L’idea di fondo di tutti questi numeri è che visto il crollo verticale dell’economia registrato alla fine dell’anno, le entrate (pur pompate al massimo) calano di più di quanto facciano le spese. Non a caso, nonostante il livello record della pressione fiscale, all’erario mancheranno 15,5 miliardi di euro (mica poco, l’1% del Pil) per il minore gettito dovuto alla crisi. E altri 10 miliardi si prevede mancheranno nel 2014. Segni meno non pareggiati nemmeno dal miglioramento dello «spread» sugli interessi del debito (secondo le stime sono 6,5 miliardi risparmiati nel 2013 e altri 5 nel 2014). Poca cosa infine l’effetto della spending review: meno di 5 miliardi i risparmi di spesa in più previsti nel biennio.

In questo quadro critico, la giornata di oggi sulle borse sarà la cartina di tornasole delle ultime, estreme, azioni di Napolitano, che proprio per tranquillizzare i mercati ha detto che resterà in carica «fino all’ultimo giorno del mandato» lascia a Palazzo Chigi anche Monti nonostante non abbia mai ricevuto la fiducia dalle nuove camere.

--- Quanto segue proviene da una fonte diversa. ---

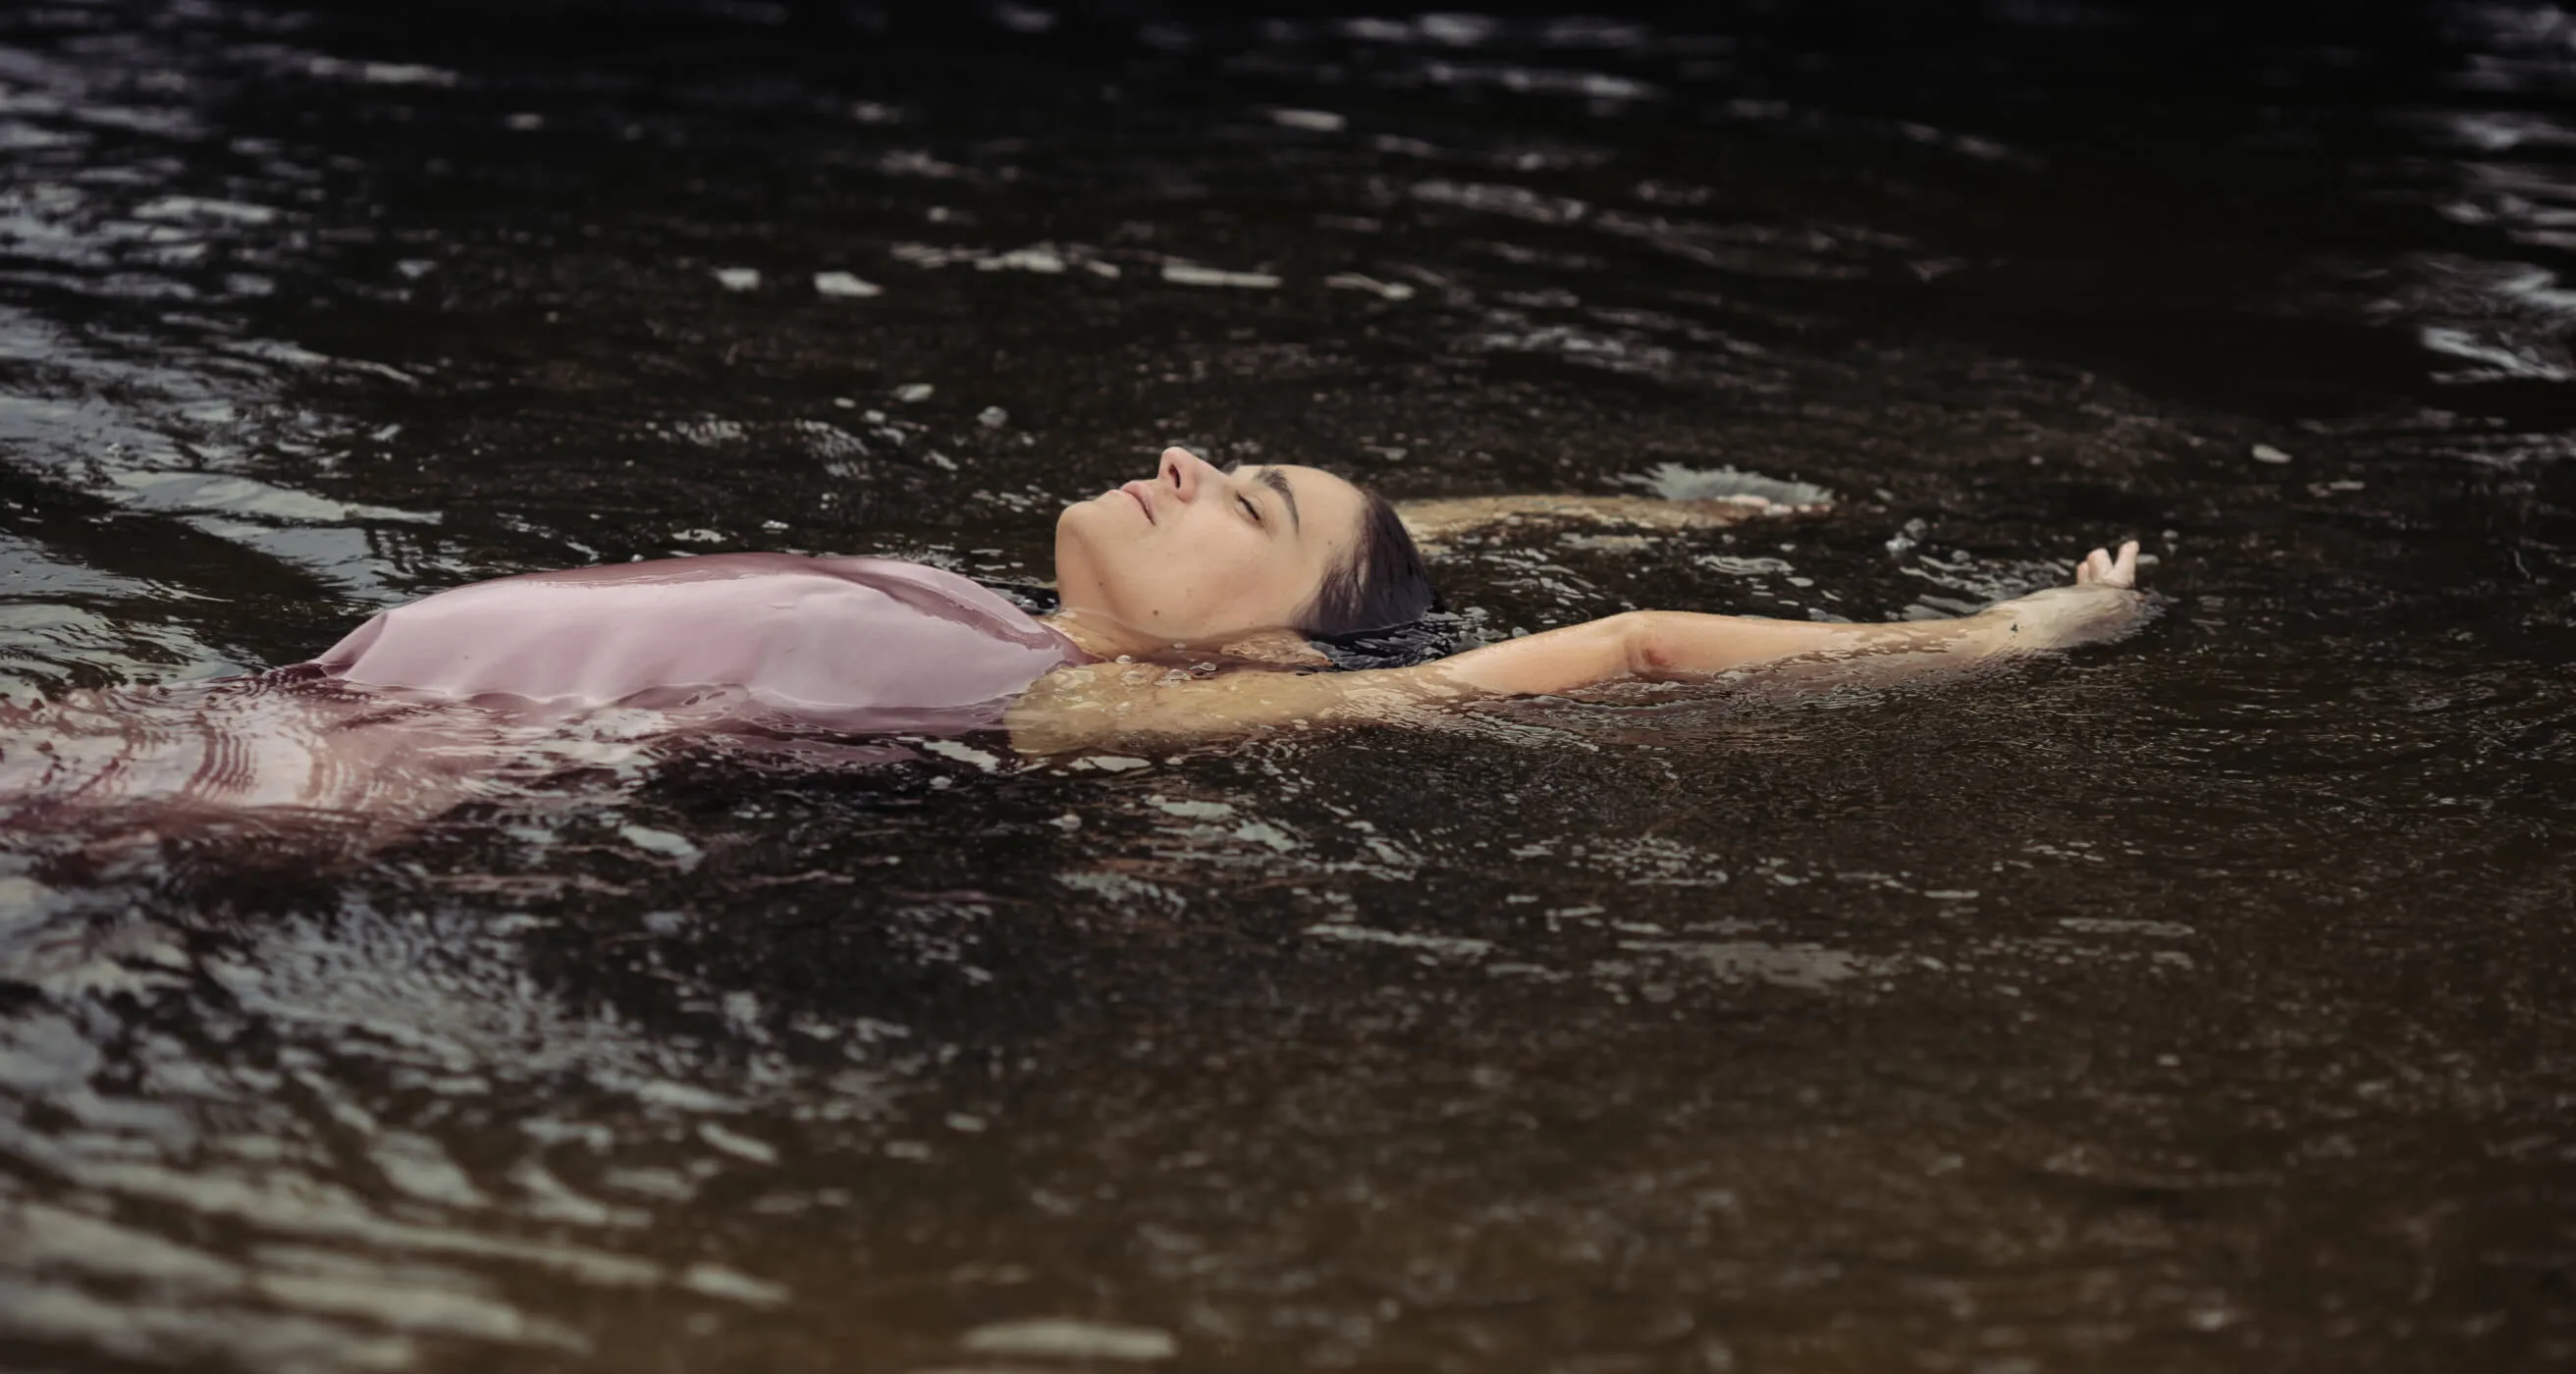 Yoga teacher Tanya swimming in a lake

Di sicuro, la pantomima di questo stallo non reggerà a lungo. Approvata la relazione, il governo ha quasi pronto il decreto che sblocca questi 40 miliardi, che dovrebbe dunque essere approvato già dal prossimo consiglio dei ministri per essere poi inviato al parlamento, dove ancora però non sono insediate le commissioni, inclusa quella fondamentale del Bilancio che dovrebbe esaminarlo, insieme alle eventuali proposte su rinvio dell’aumento dell’Iva e della Tares, soluzione «esodati», etc. eventualmente avanzate dai «saggi economici» insediati al Quirinale.